#### EXERCISE GOAL:
Pictures are to be left out, and only the lines below starting at the one with "Revolutionary War Culper Spies Tour in NYC" and ending at the one with "Nudist Pool Resort Towel - 1" are to be reproduced, each exactly, both ends included.

#### SOURCE DATA:

[Start of section]

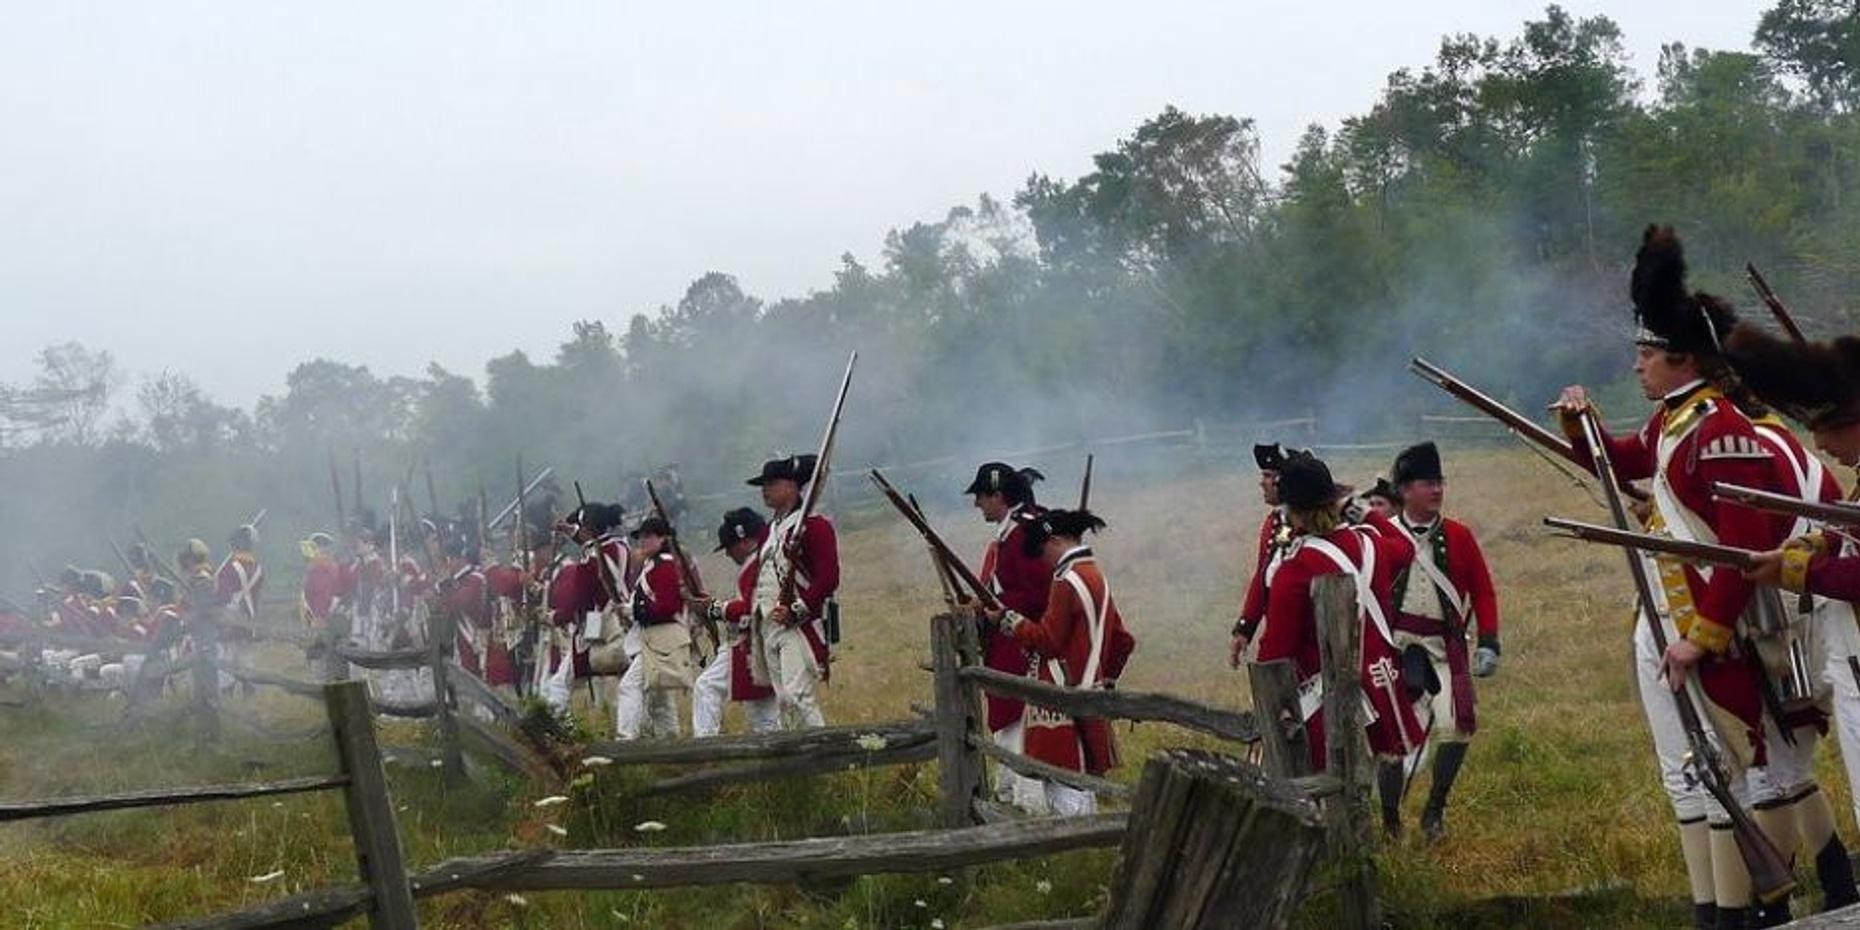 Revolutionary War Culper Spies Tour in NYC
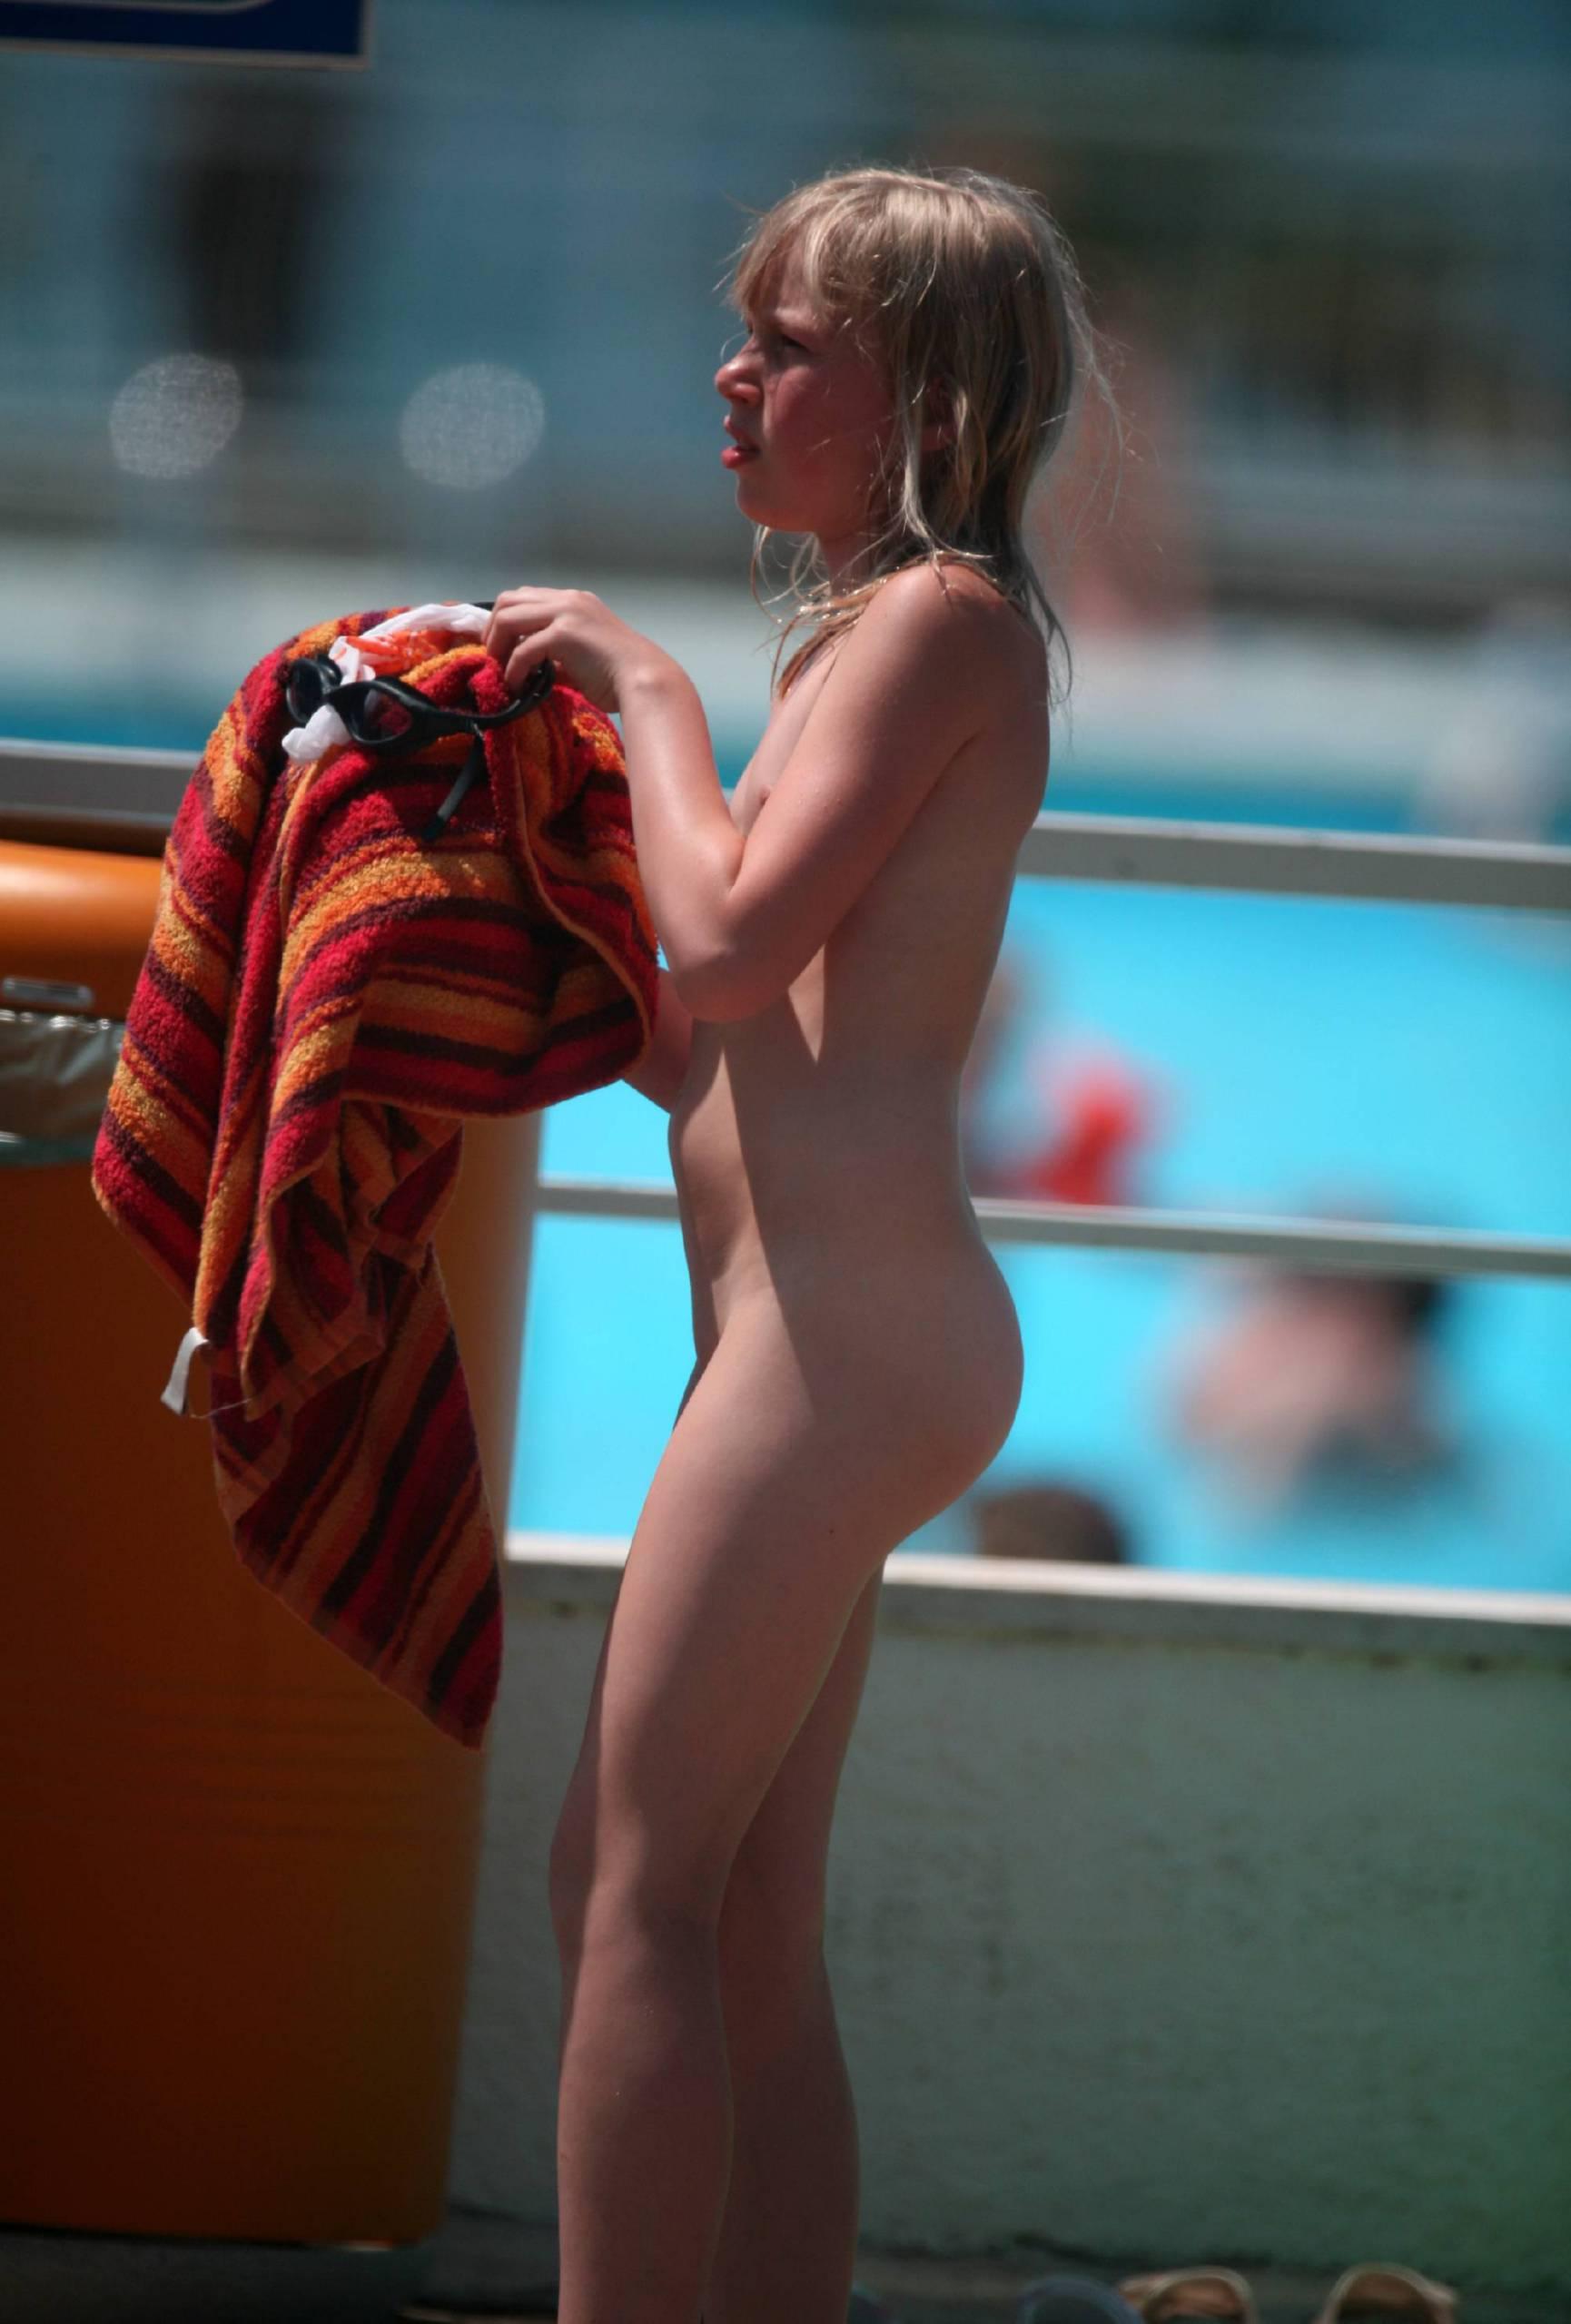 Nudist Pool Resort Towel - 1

[End of section]
[Start of section]

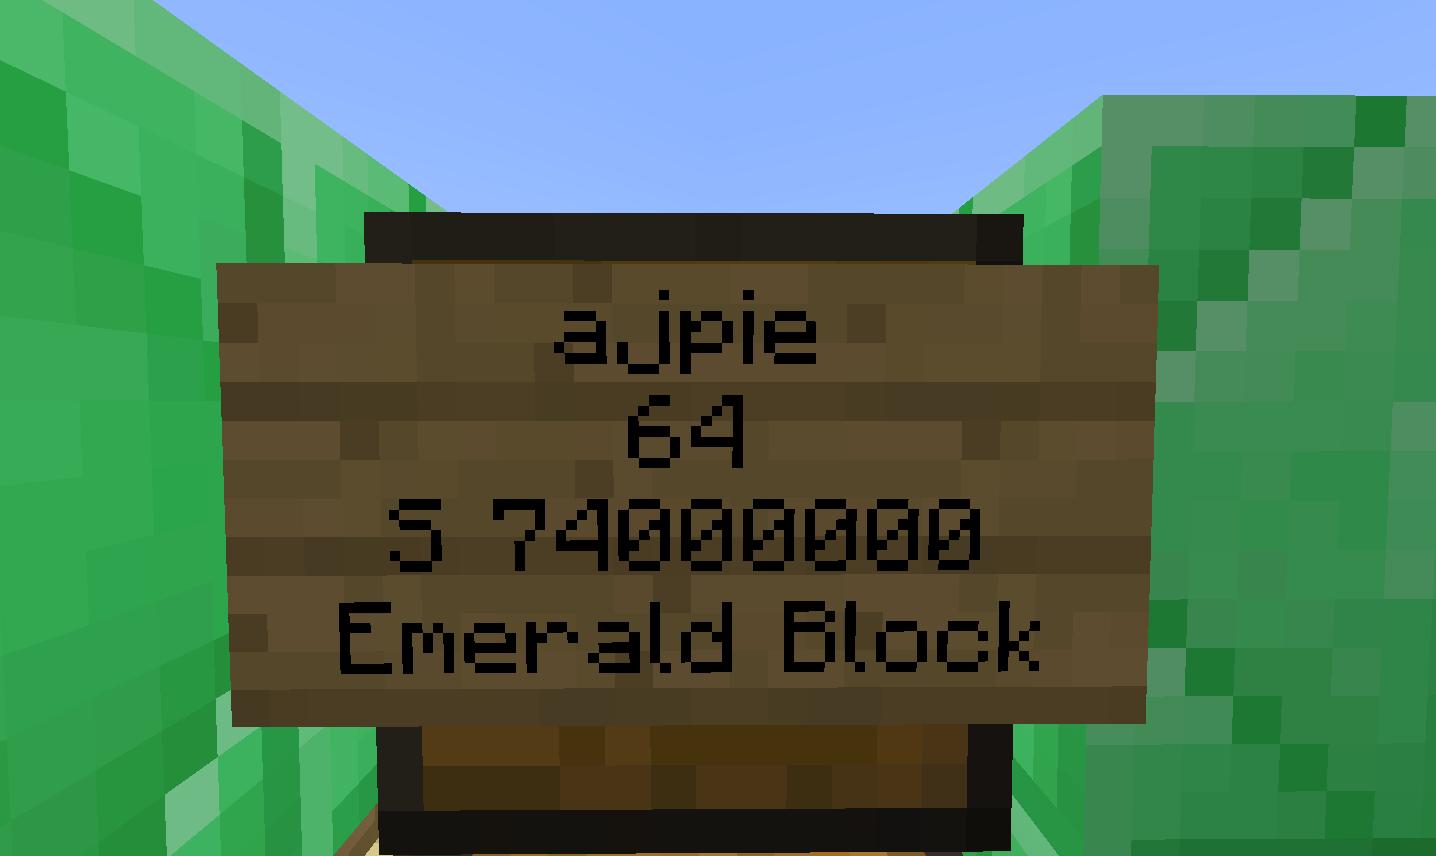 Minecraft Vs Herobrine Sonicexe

[End of section]

#### FINISHED TASK:
 Revolutionary War Culper Spies Tour in NYC
 Nudist Pool Resort Towel - 1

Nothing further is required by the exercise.